**Task to carry out**
Repeat the lines below exactly as they appear, but leave out the images.

**Source data**
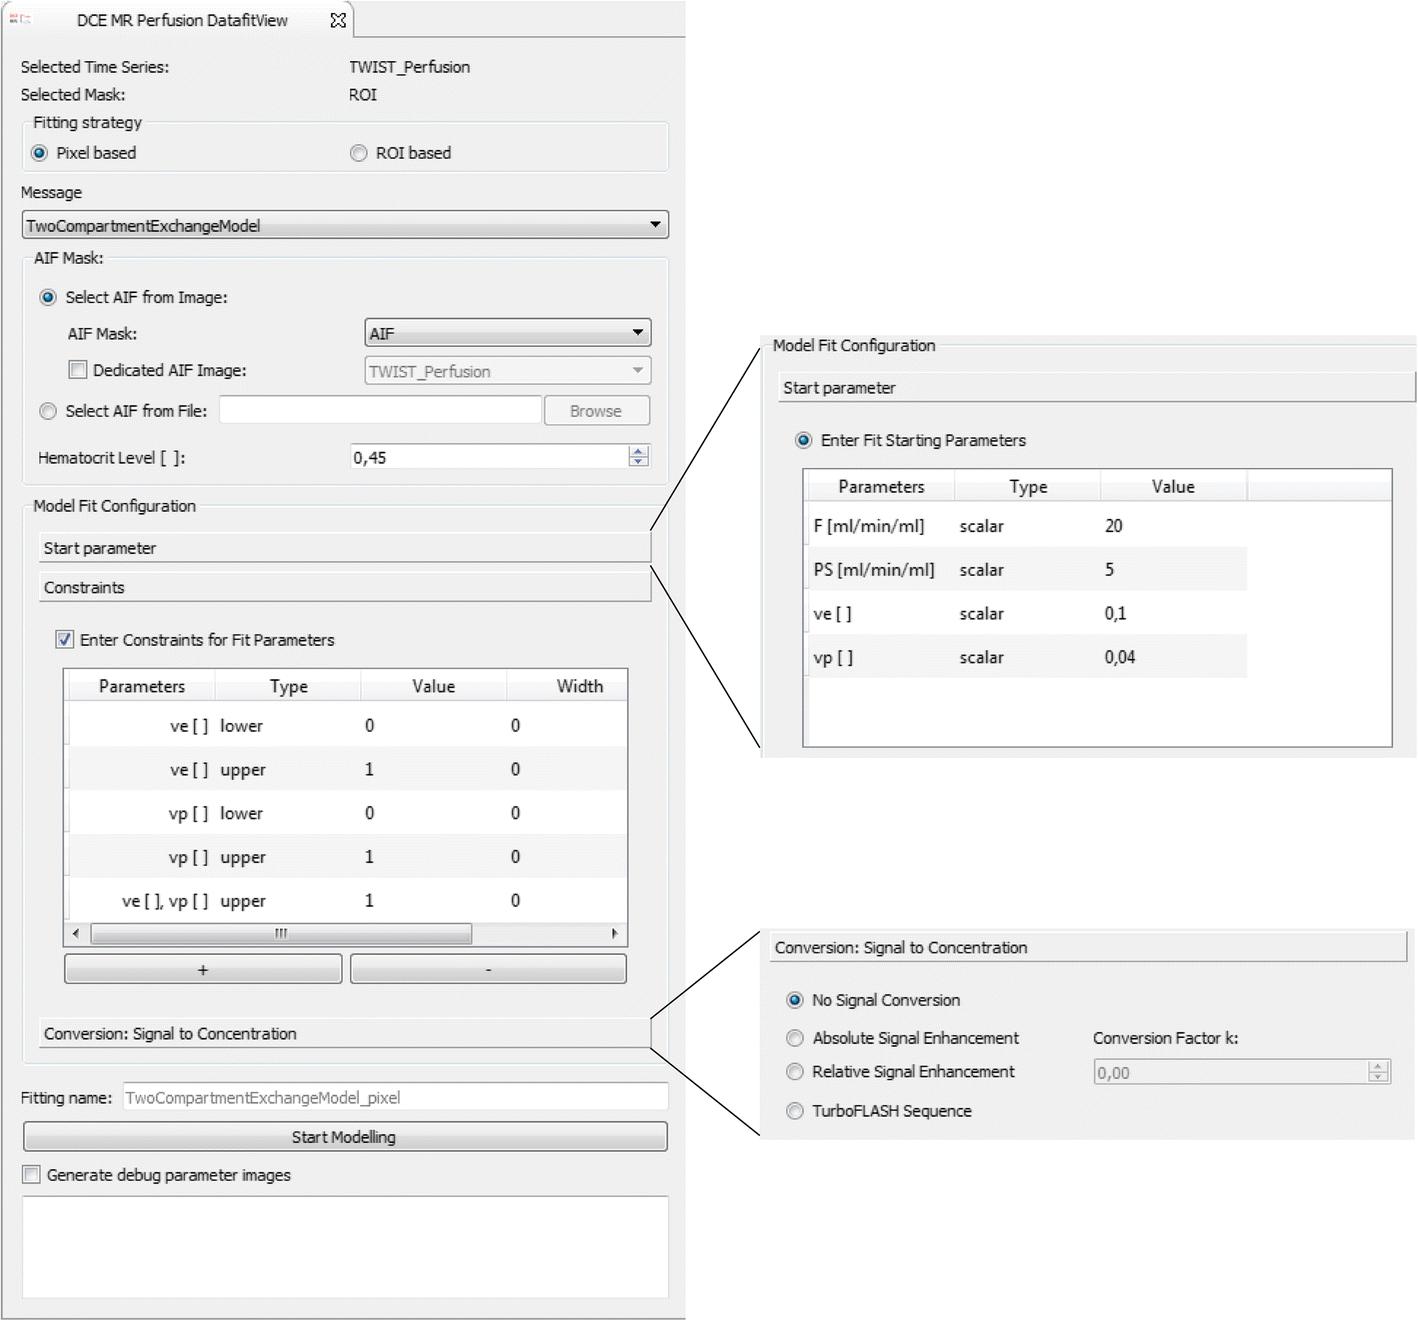 MITK-ModelFit: A generic open-source framework for model fits and
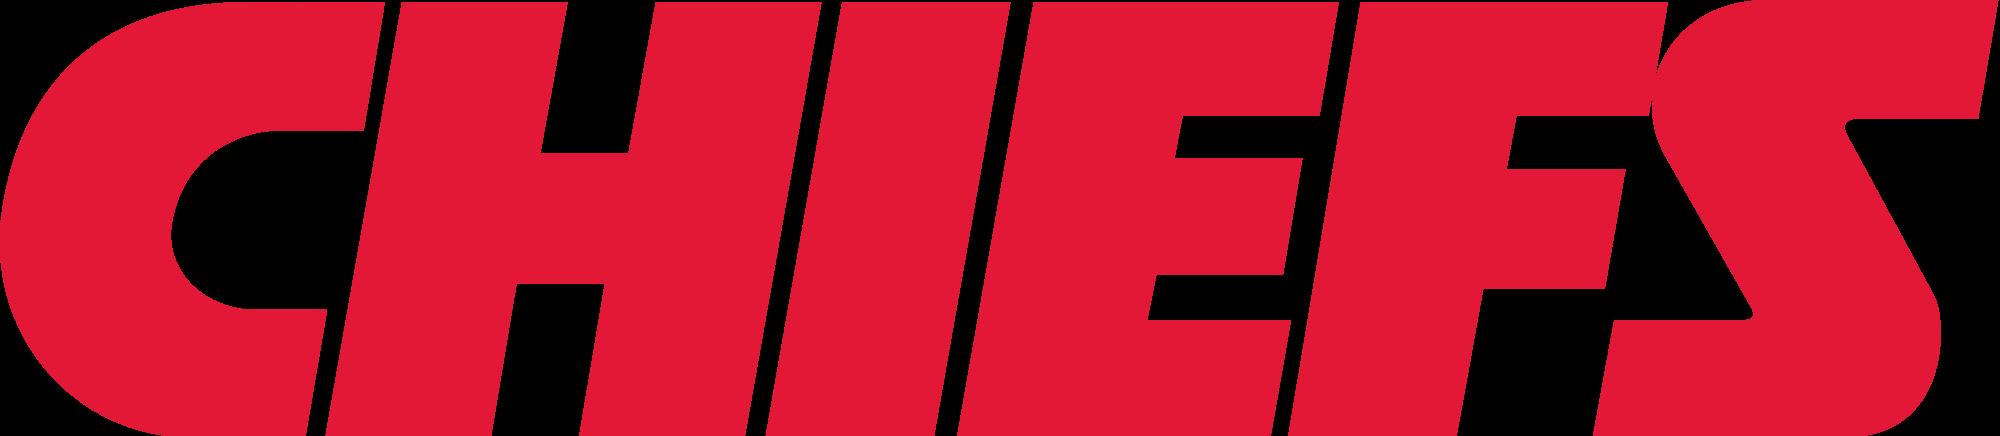 Open Hdpng.com  - Kansas City Chiefs, Transparent background PNG HD thumbnail
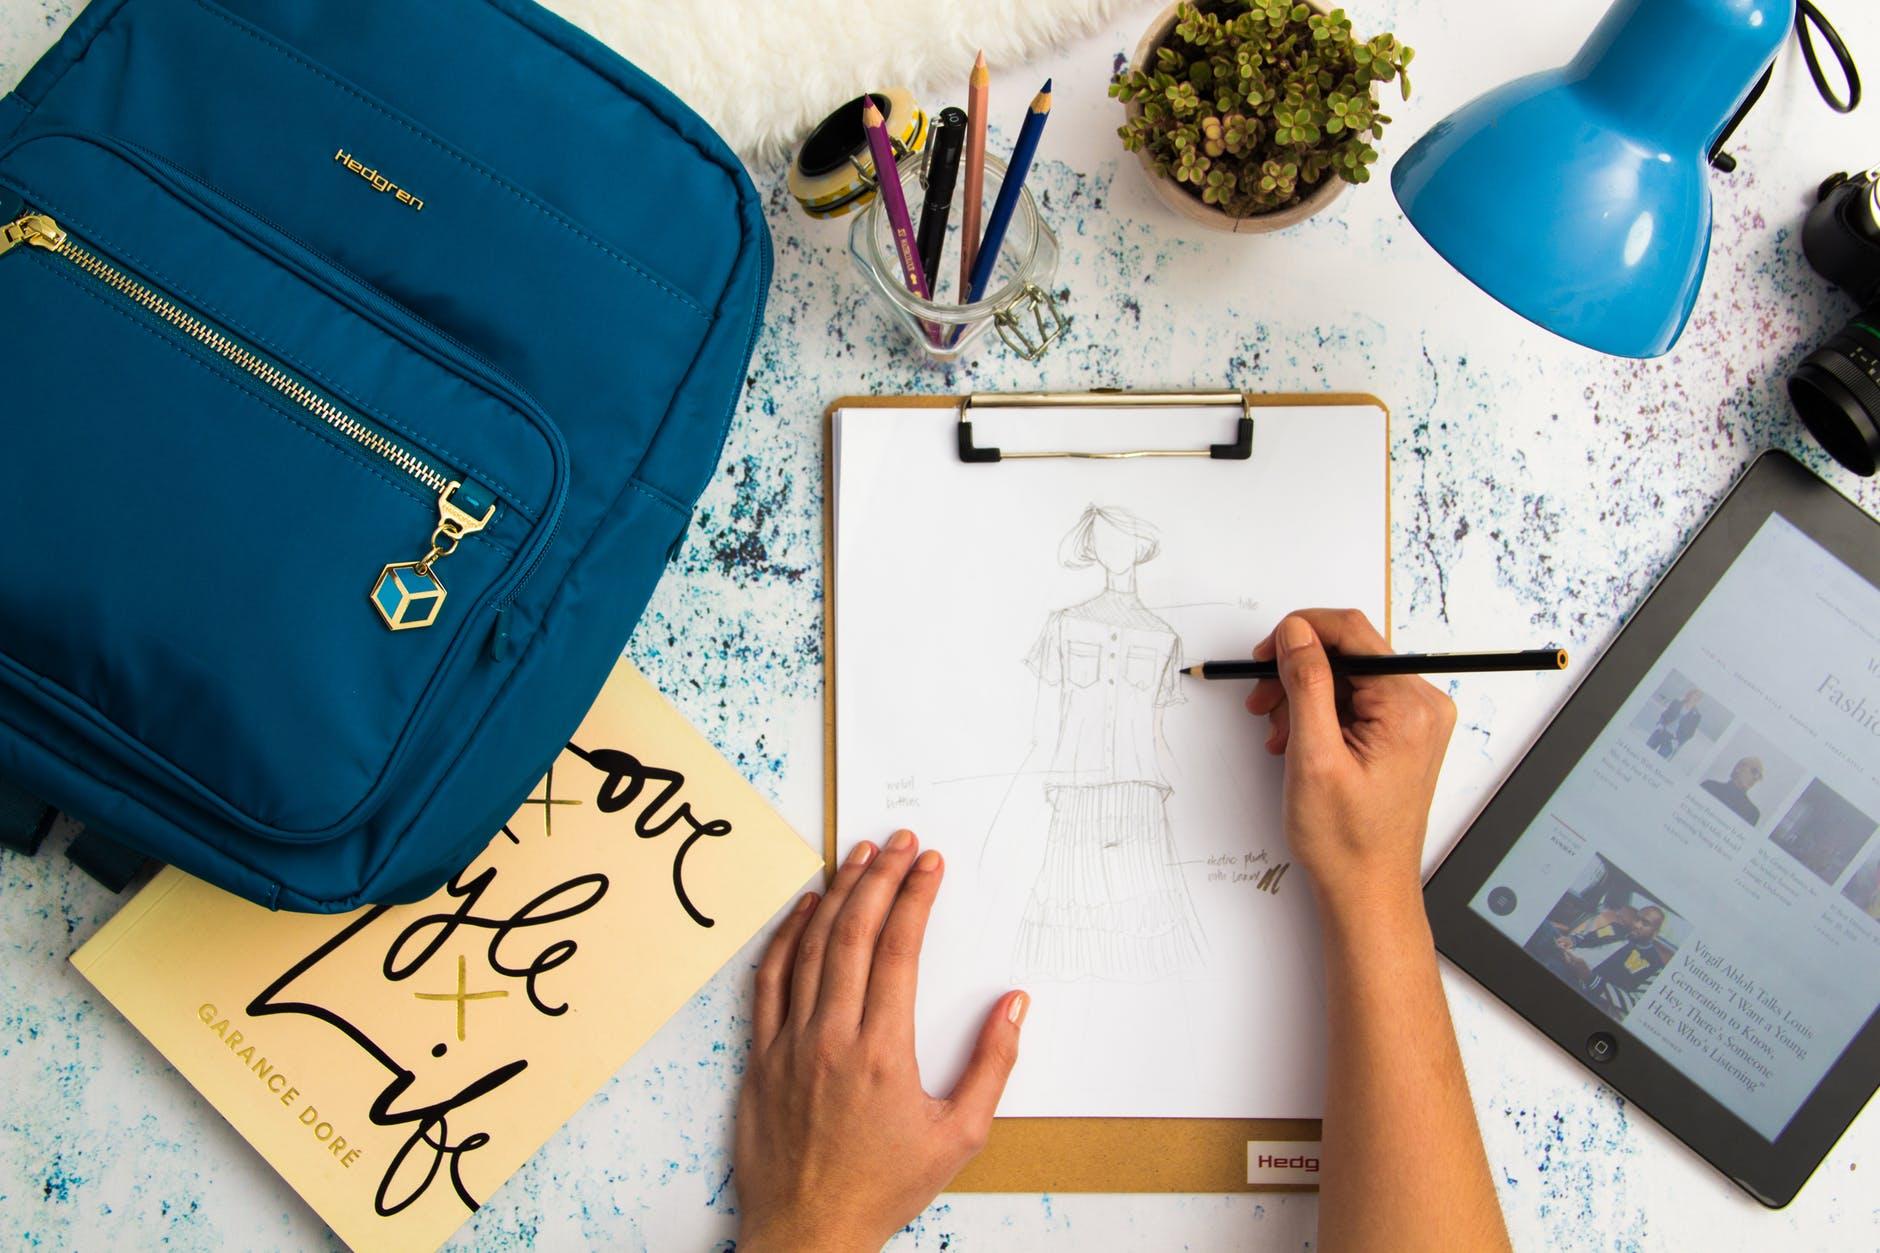 Ingin Jadi Desainer? Yuk, Belajar Desain Baju Otodidak Disini!

**Response for this exercise**
 MITK-ModelFit: A generic open-source framework for model fits and
 Open Hdpng.com  - Kansas City Chiefs, Transparent background PNG HD thumbnail
 Ingin Jadi Desainer? Yuk, Belajar Desain Baju Otodidak Disini!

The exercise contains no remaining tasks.